En exergue du livre, il a placé la phrase du journal de Kafka en date du 2 août 1914 : «L'Allemagne a déclaré la guerre à la Russie. Après-midi, piscine.» Il aurait aussi pu choisir ces mots du journal de Louis XVI, le 14 juillet 1789, lors de la prise de la Bastille : «Aujourd'hui, rien.» «La plupart des gens ne vivent pas dans l'histoire, dans l'actualité : au vrai ils vivent leur vie», note l'historien Marc Ferro soulignant que le plus souvent cette «histoire subie» se cristallise sur quelques moments d'une expérience cruciale devenant dès lors omniprésente dans leur mémoire, comme le souvenir des tranchées pour les anciens combattants de 14, ou, après la Seconde Guerre mondiale, les camps de la mort ou le goulag.

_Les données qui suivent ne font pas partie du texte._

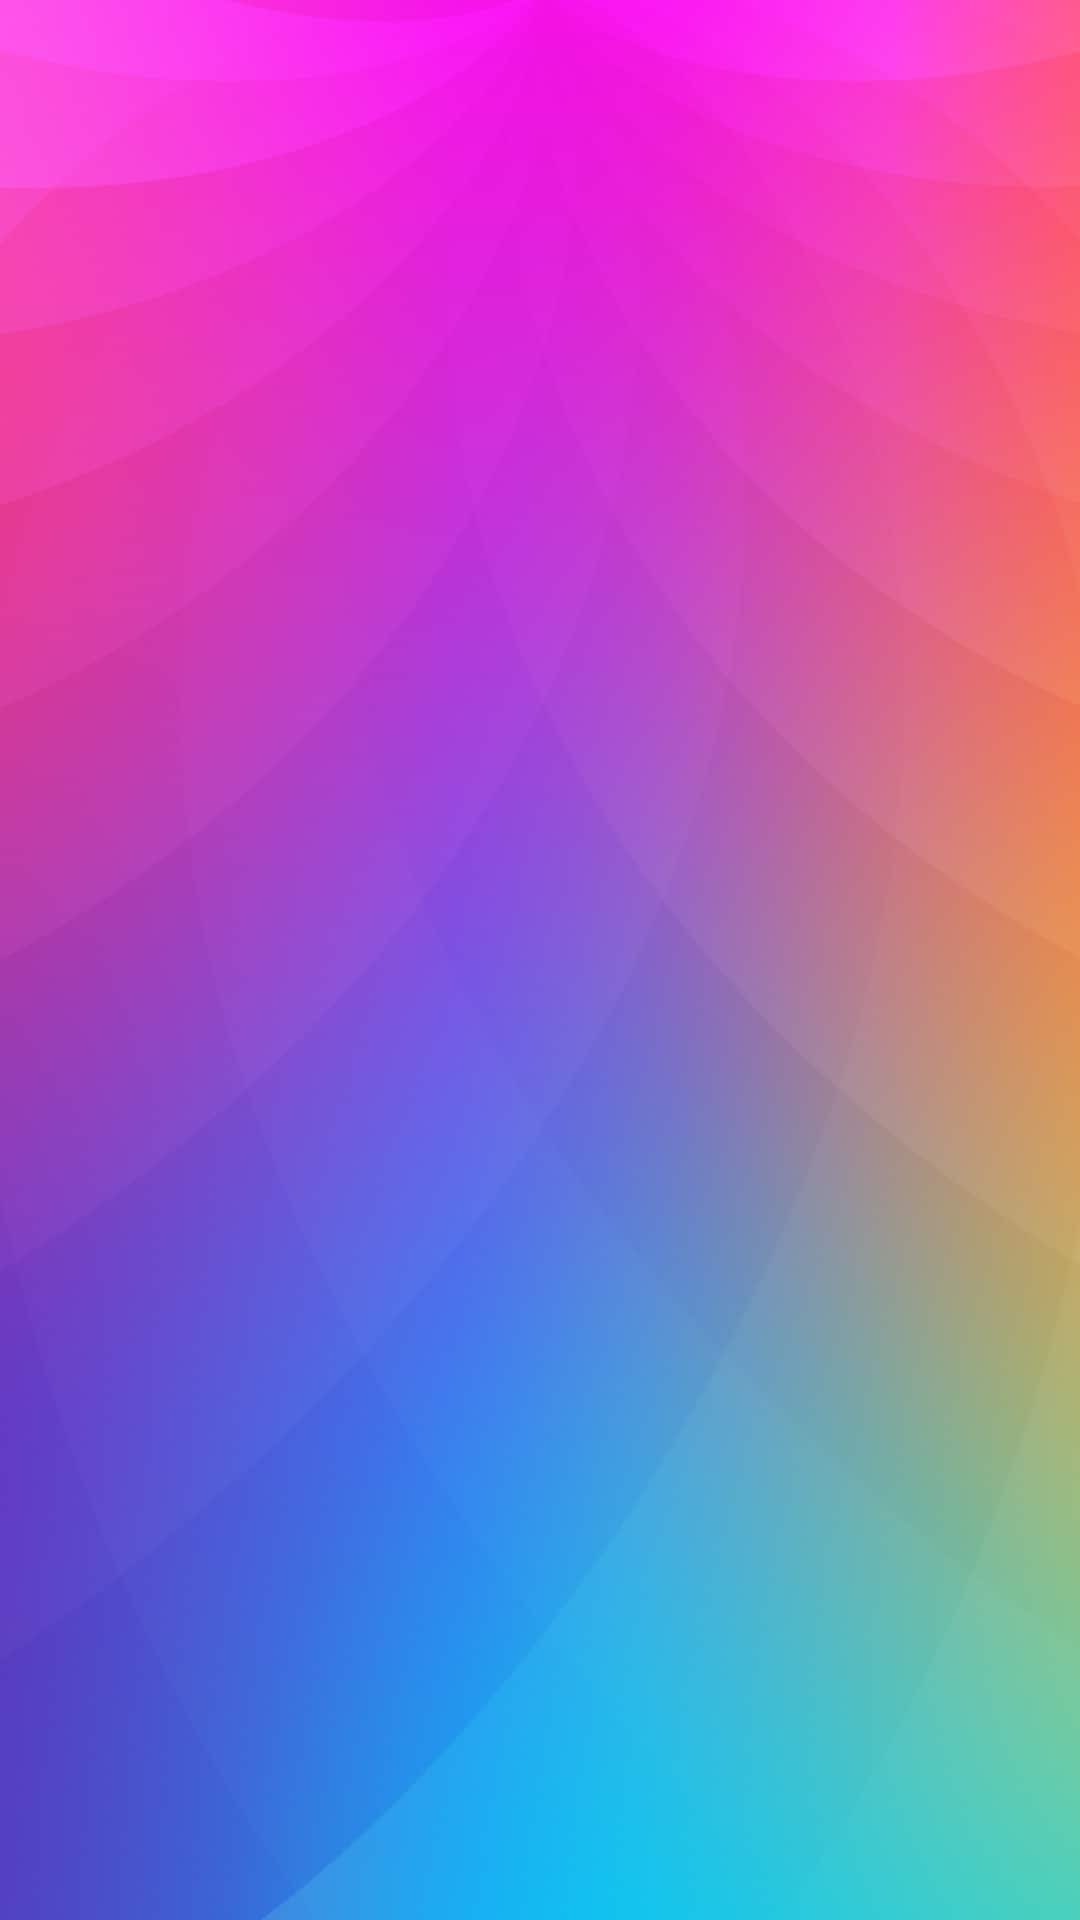 Meizu MX5 wallpaper 9

Cet essai veut analyser les comportements d'individus dans les affres de moments décisifs comme la Révolution russe, la montée du nazisme, l'Occupation ou la guerre d'Algérie. Il y a le total aveuglement des uns, les étonnantes intuitions d'autres qui, d'entrée de jeu, comprennent ce qui se passe. Et dès lors que faire... Il y a des salauds, des héros et la plupart qui ne sont ni l'un ni l'autre, survivant dans cette zone grise du consensus passif ou de la résignation.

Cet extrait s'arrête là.